:: Information provided ::
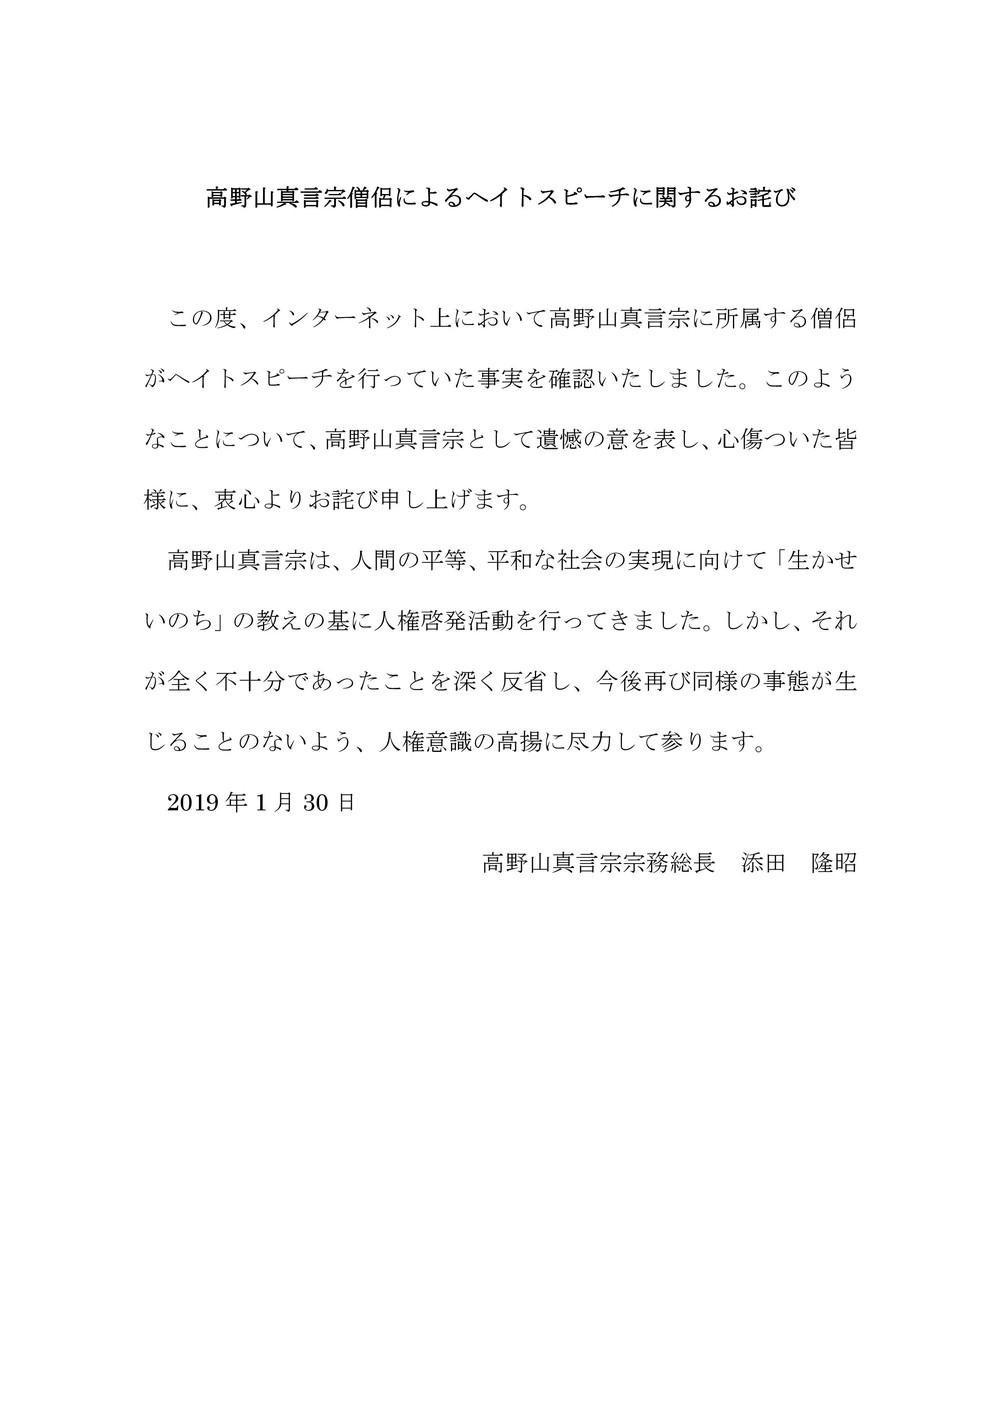 金剛峯寺、僧侶の「ヘイト」発言謝罪 ツイッターで「韓国人 3人寄れば ドクズかな」
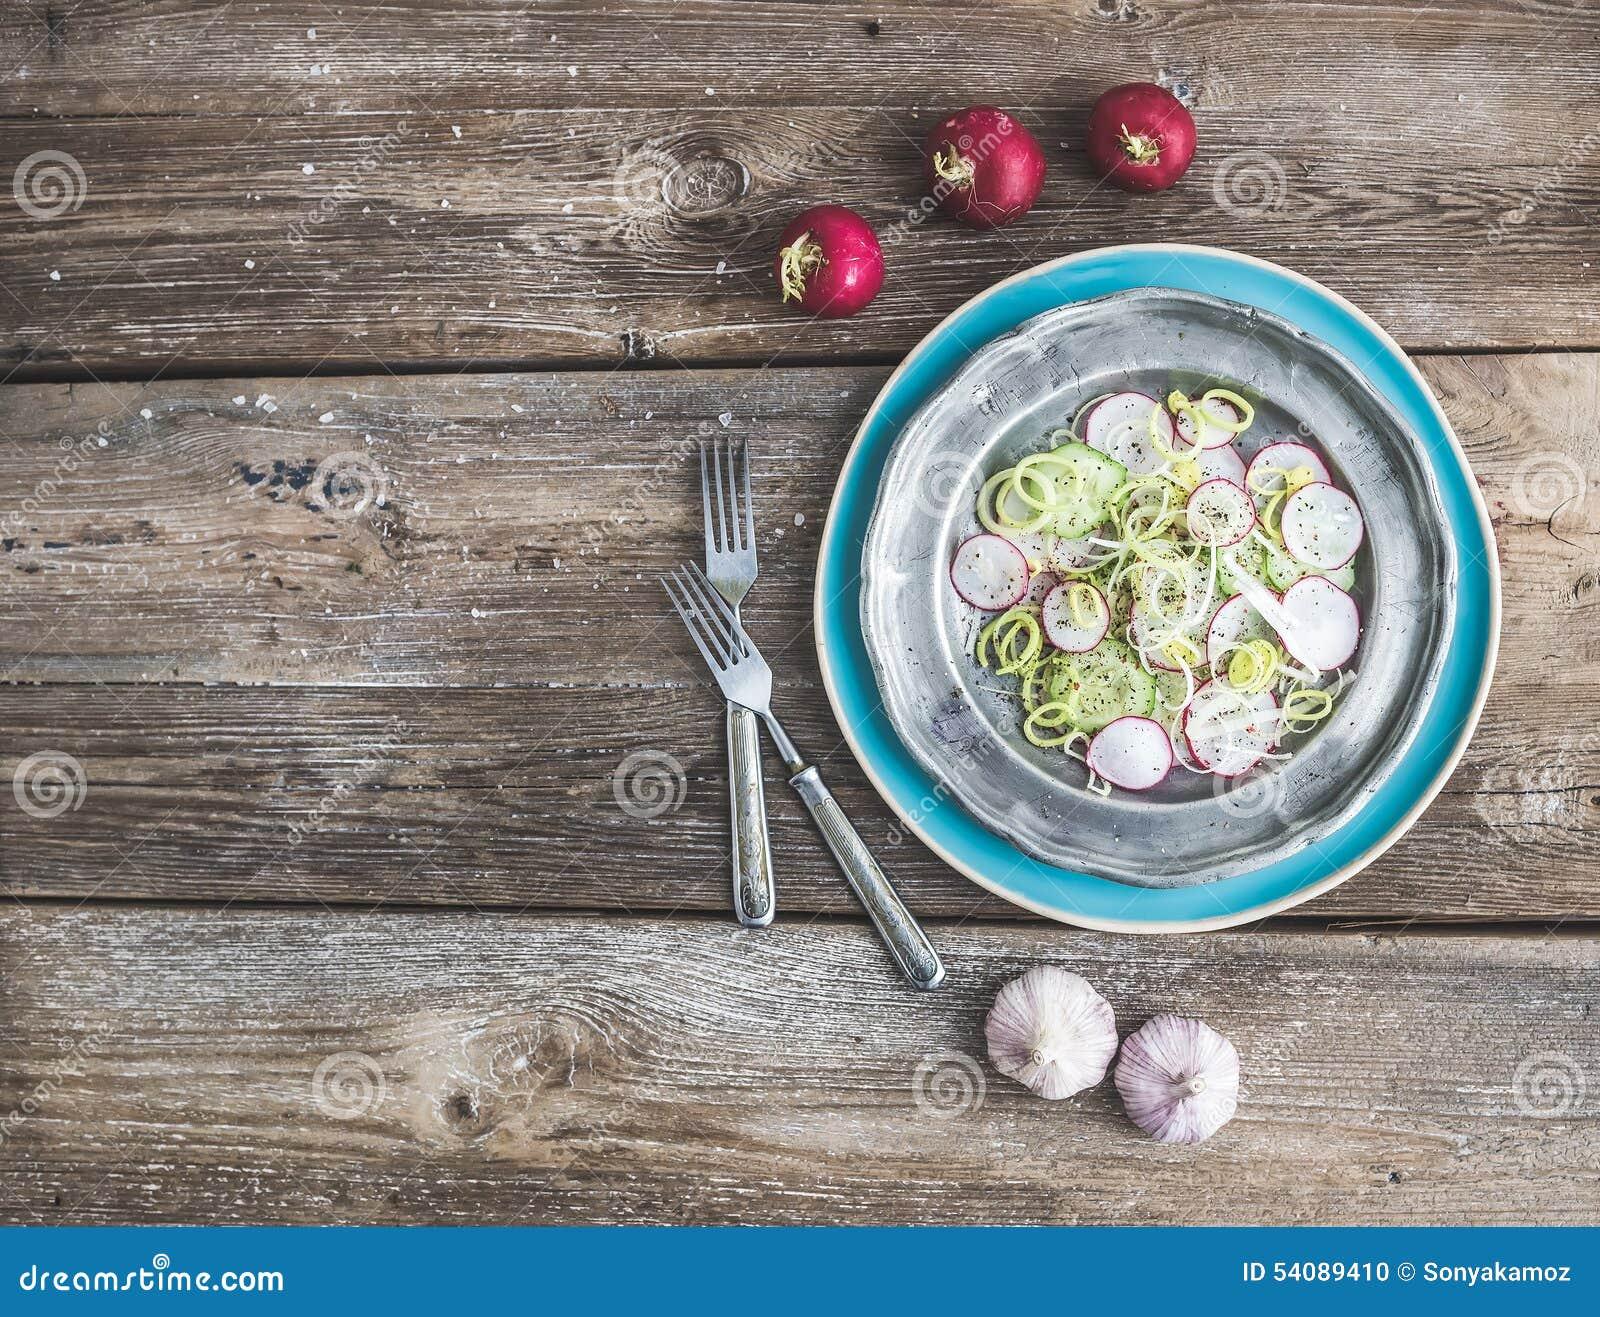 De lentesalade met binnen prei, radijs en komkommer
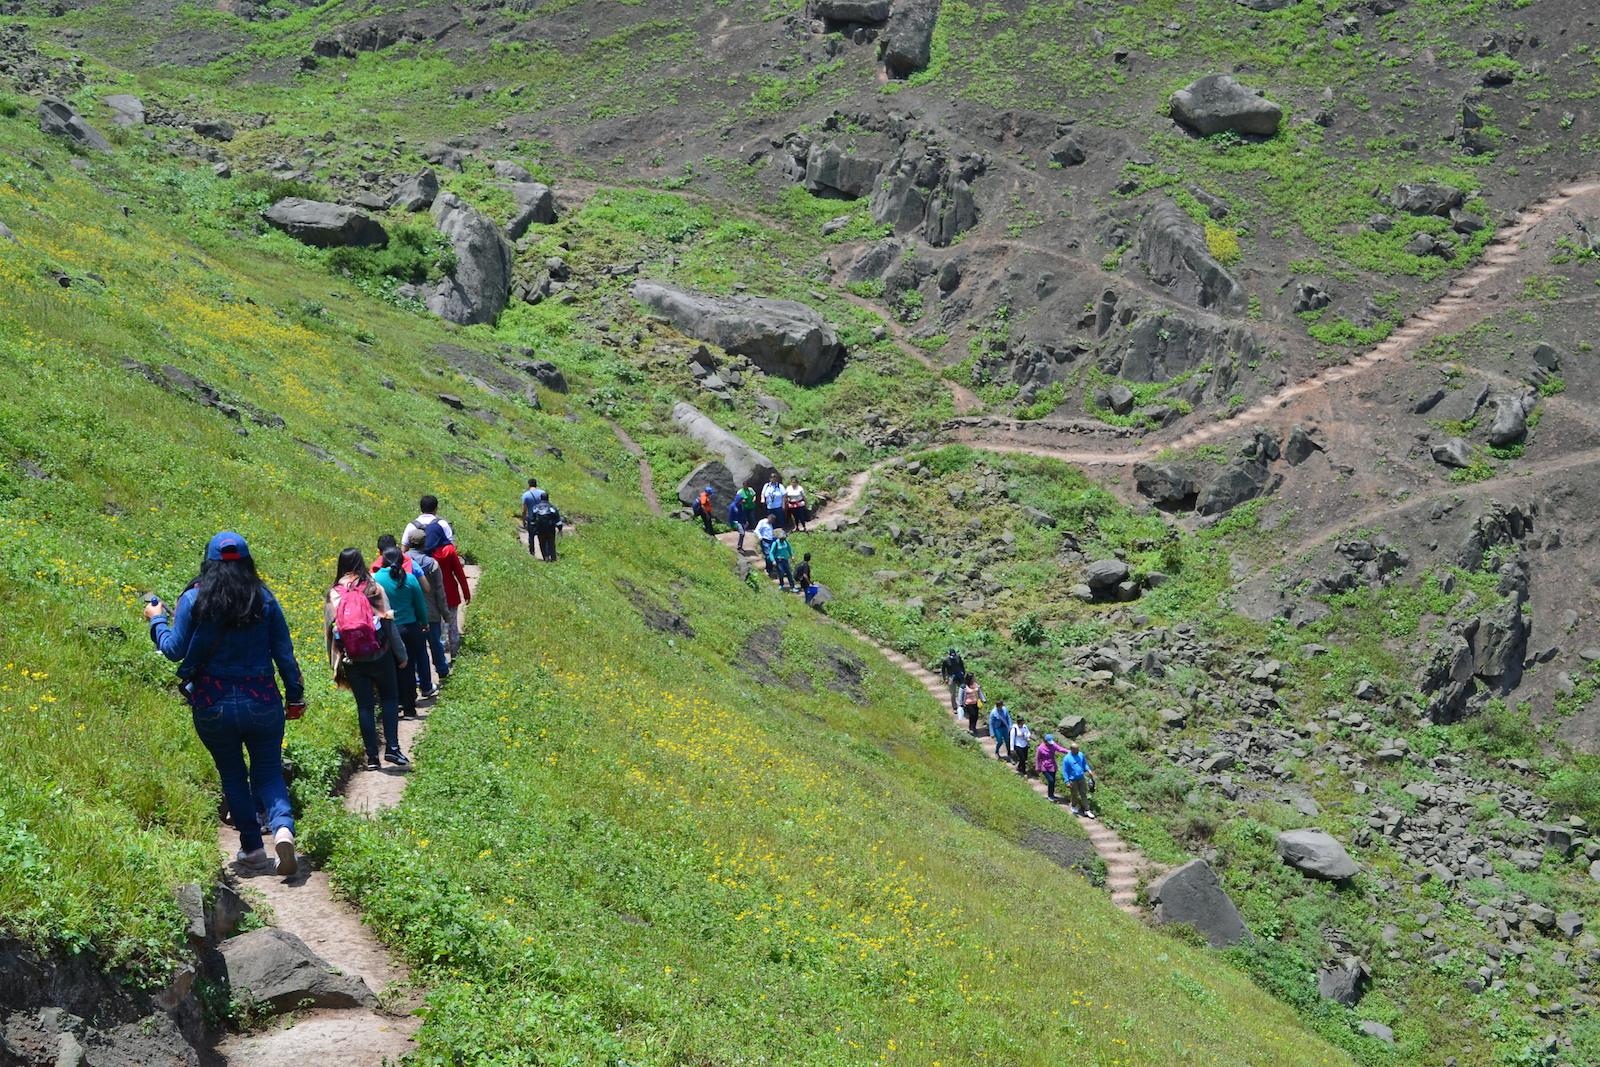 La Asociación Protectores Ambientales de la Flor y Lomas de Amancaes realiza recorridos ecoturísticos. Foto: Centro Urbes
:::
What you are asked to do:
Leave the images out and give the rest of the data again exactly.

Task output:
 金剛峯寺、僧侶の「ヘイト」発言謝罪 ツイッターで「韓国人 3人寄れば ドクズかな」
 De lentesalade met binnen prei, radijs en komkommer
 La Asociación Protectores Ambientales de la Flor y Lomas de Amancaes realiza recorridos ecoturísticos. Foto: Centro Urbes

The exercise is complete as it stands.